━━ DATA SECTION ━━

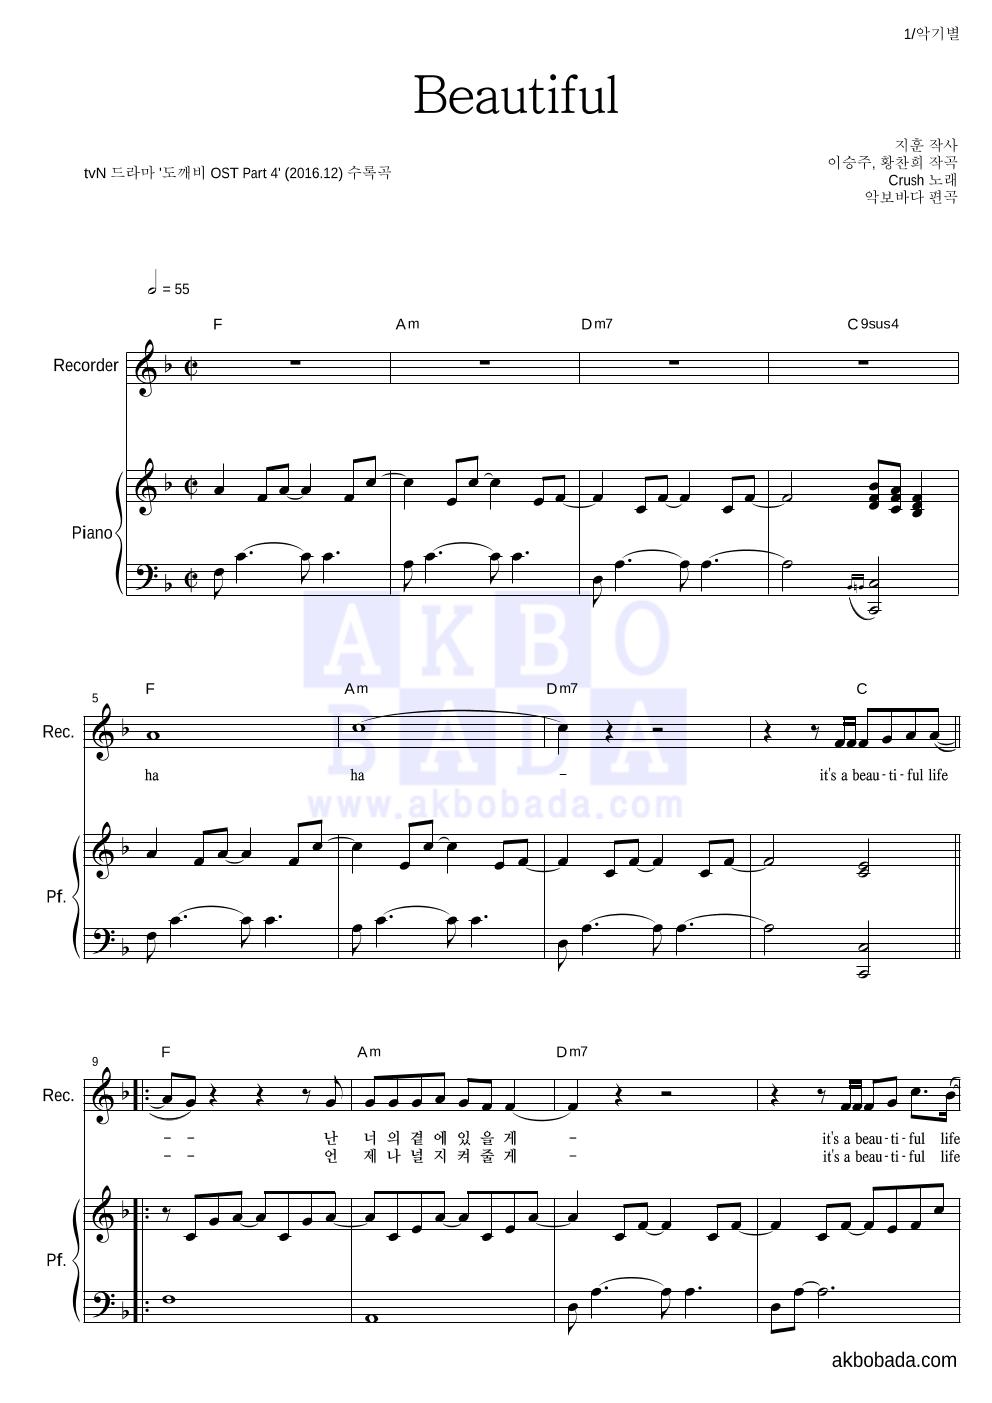 크러쉬 - Beautiful 리코더&피아노 악보
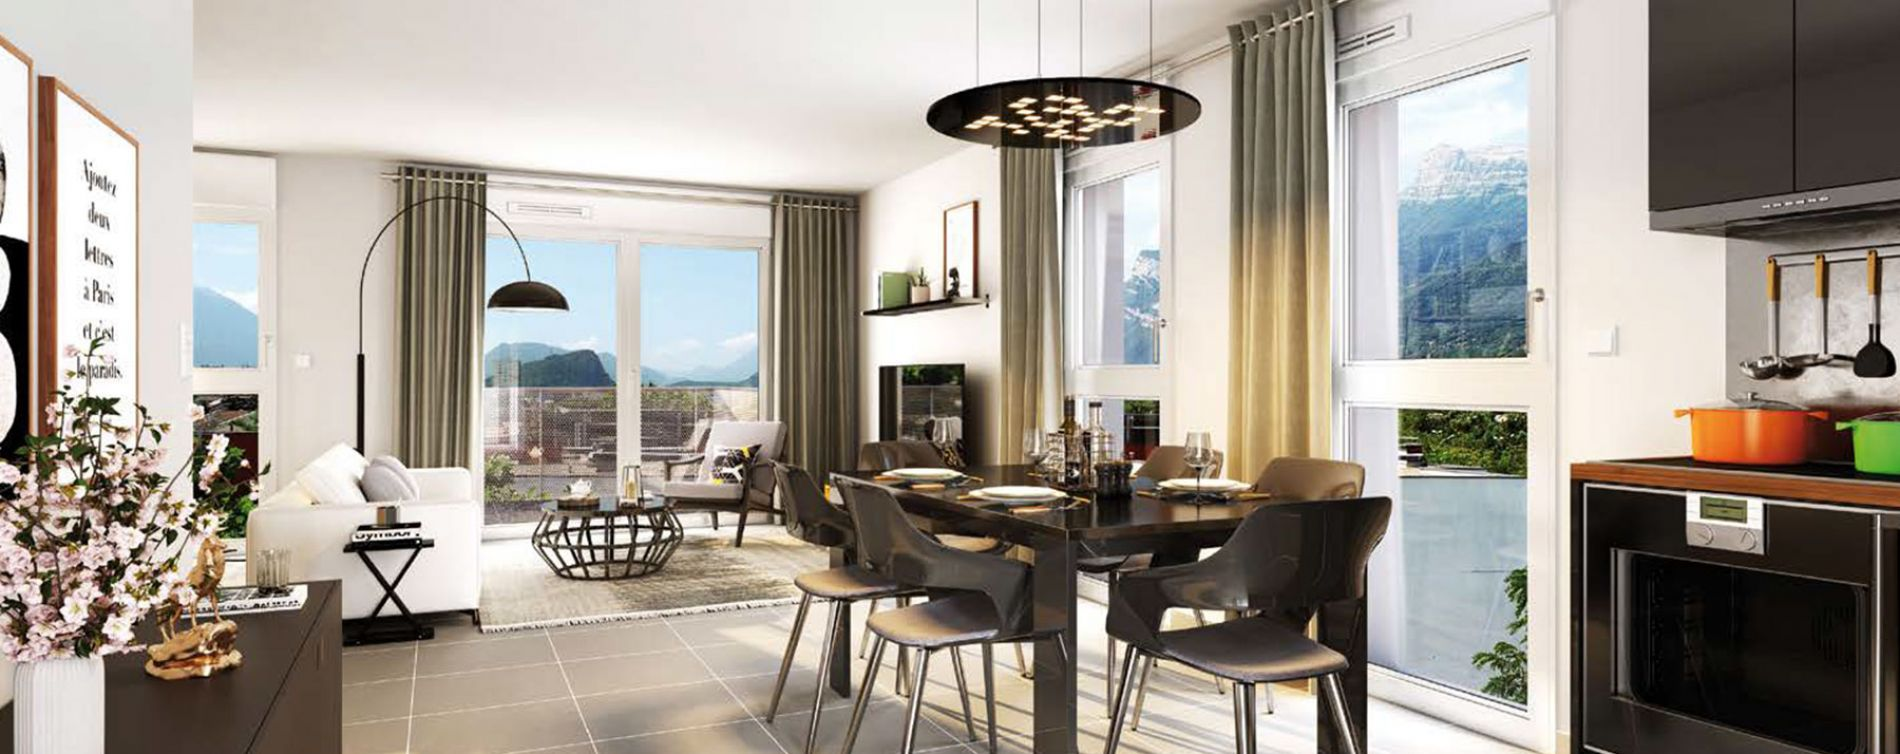 Le Pont-de-Claix : programme immobilier neuve « Toises & Moi » (2)
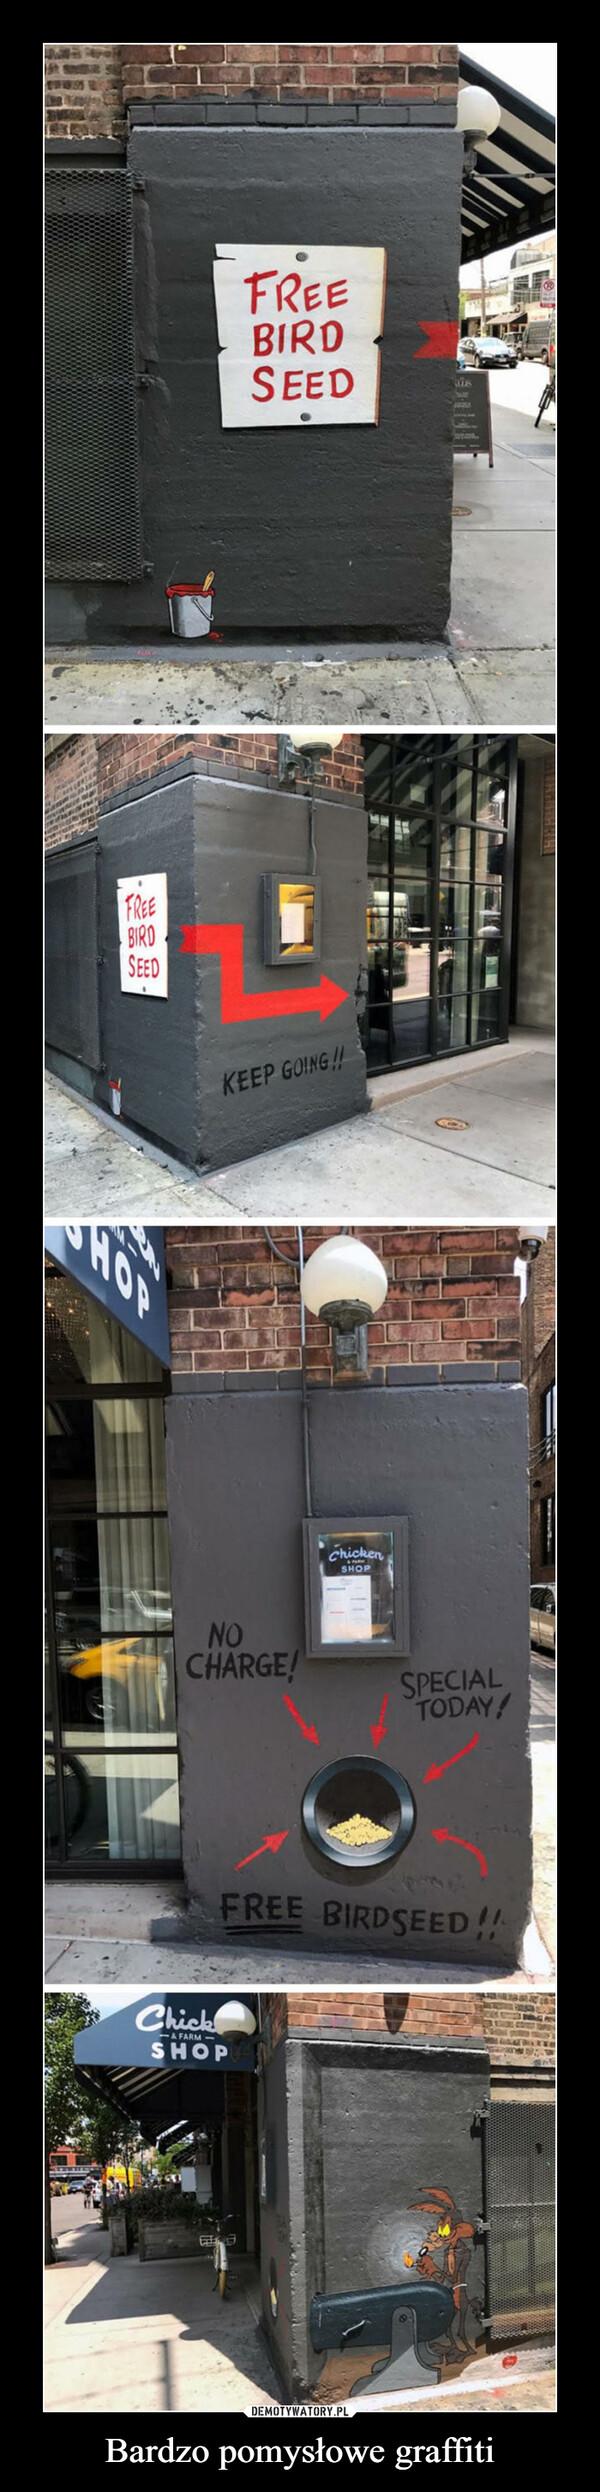 Bardzo pomysłowe graffiti –

━━━

▶ _PROBLEM TO SOLVE_: Print the lines from the line containing "Le Pont-de-Claix : programme" through the last line of the listing, exactly as they stand, and leave any pictures out.

▶ _RESULT OF THE EXERCISE_:
 Le Pont-de-Claix : programme immobilier neuve « Toises & Moi » (2)
 Bardzo pomysłowe graffiti –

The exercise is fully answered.